The more processed the food, the more likely it is to contain free glutamates. Monosodium glutamate (MSG), a food additive used as a flavour enhancer, is the most common. The Food and Drug Administration (FDA) has declared MSG an ingredient that is "generally recognised as safe."
Whether or not MSG is healthy is another matter. A University of North Carolina study, published in the August 2008 issue of Obesity, links MSG to weight gain.
Glutamates are natural components of food, but free glutamates may cause allergic reactions, according to anecdotal evidence. Reported reactions include headache, flushing, sweating, and heart palpitations. For that reason, the FDA requires that it be listed on food labels.
When grocery shopping, always read the labels to find out if a food contains ingredients that contain free glutamates. In the U.S., MSG is referred to as umami, MSG, glutamate or free glutamic acid. Japanese food products refer to it as Ajinomoto and in China it is called wie jing. In Europe, it is E621. Other ingredients to look for are soy protein, hydrolyzed protein, wheat gluten, malted barley, autolyzed yeast, whey, milk powder or casein.
Some foods contain excessive amounts of glutamates. Soy protein is one of these, used in making vegetarian foods, baked goods and hot dogs. Hydrolyzed protein, another, can be fund in canned tuna, self-basting pastry and canned and dried soups. Powdered milk also contains high amounts, and is used to make low-fat (skim, 1%, 2%) milk products and baked goods. So do ultra-pasteurised dairy products, cheeses, cream, and half and half (with carageenan added.)
Any powdered, dried food mixes, as included in boxed dinners and packaged seasoning mixtures, will have a high amount of free glutamates, Snack foods, like flavoured potato and tortilla chips or flavoured jerky, are also high in MSG.
Some fresh foods, including over ripe tomatoes, Parmesan cheese and mushrooms, are naturally high in free glutamate.
The vast majority of fast food franchises use MSG. Foods that contain free glutamates in these establishments include chicken and sausage products, gravy, barbecue and other dipping sauces and salad dressings. French fries should also be avoided if an allergy is suspected, because the fry "seasonings" are infused in the oil.

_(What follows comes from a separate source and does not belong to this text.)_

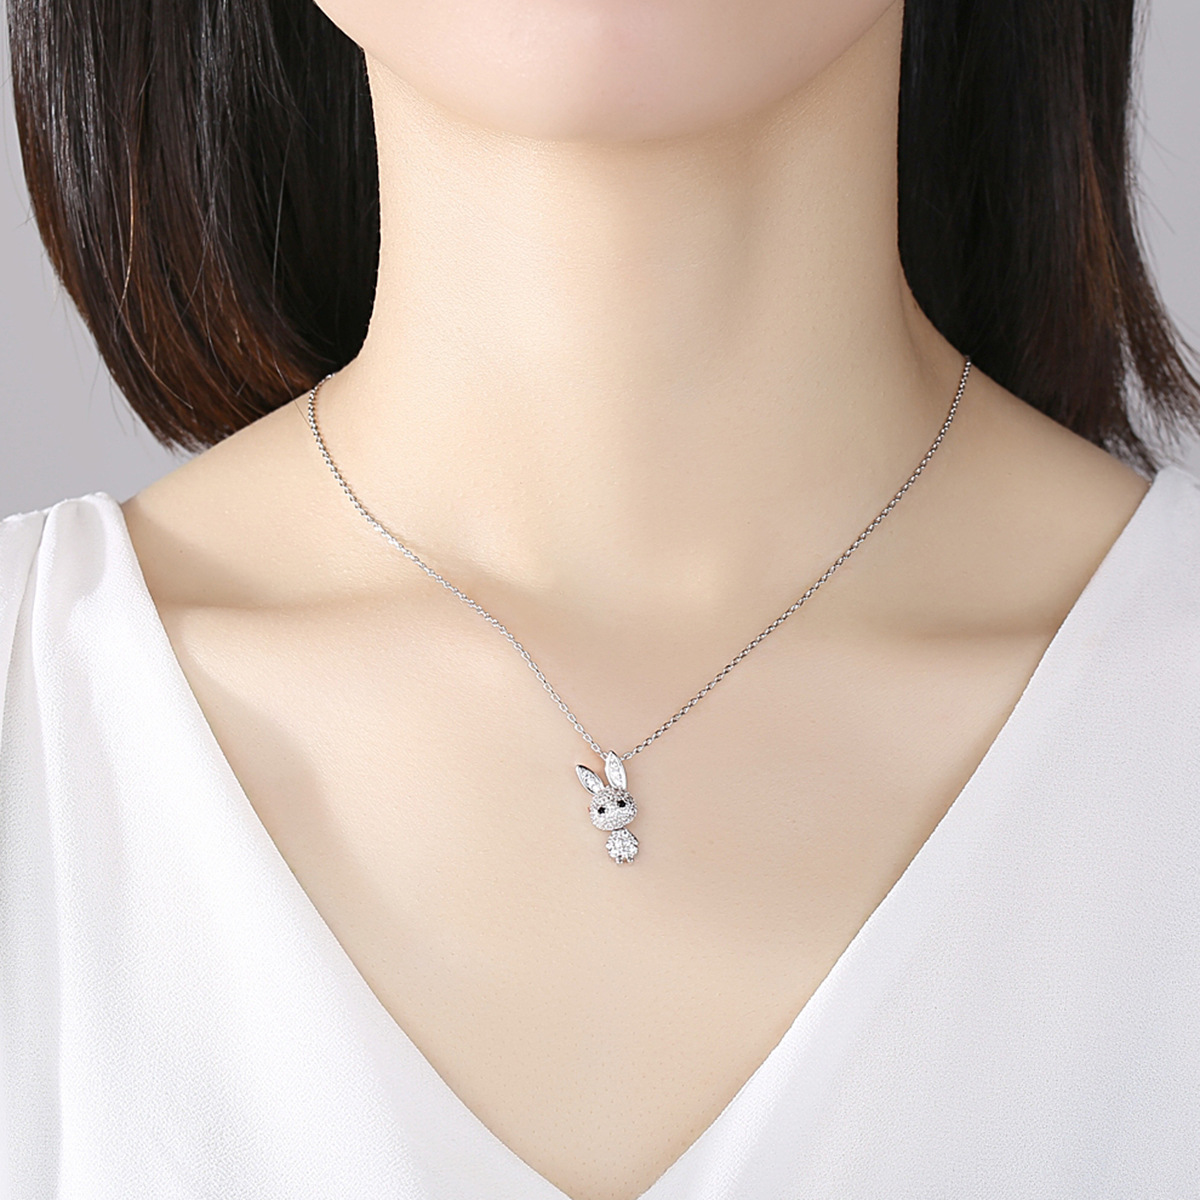 Rabbit pendant chain accessories Korean style short clavicle

Chinese restaurants have long used MSG to boost the flavour of their fare. Because the use of MSG is controversial, many Chinese restaurants have adjusted to MSG-free menus, unlike may of their restaurant counterparts.
Almost all restaurants liberally utilise free glutamates in their kitchens. Free glutamates occur in prepared stocks (bouillon cubes), Parmesan cheese, soups, Caesar salad, fish sauce, soy sauce, some deli meats, and most canned items.
Glutamates are the main source of flavour in miso, soy sauce, liquid aminos and hydrolyzed protein.
The artificial sweetener aspartame converts to glutamate in the system. Aspartame is used in diet sodas and desserts (e.g. gelatin), chewing gum, breath strips, children's and quick dissolve medicines, and chewable vitamins.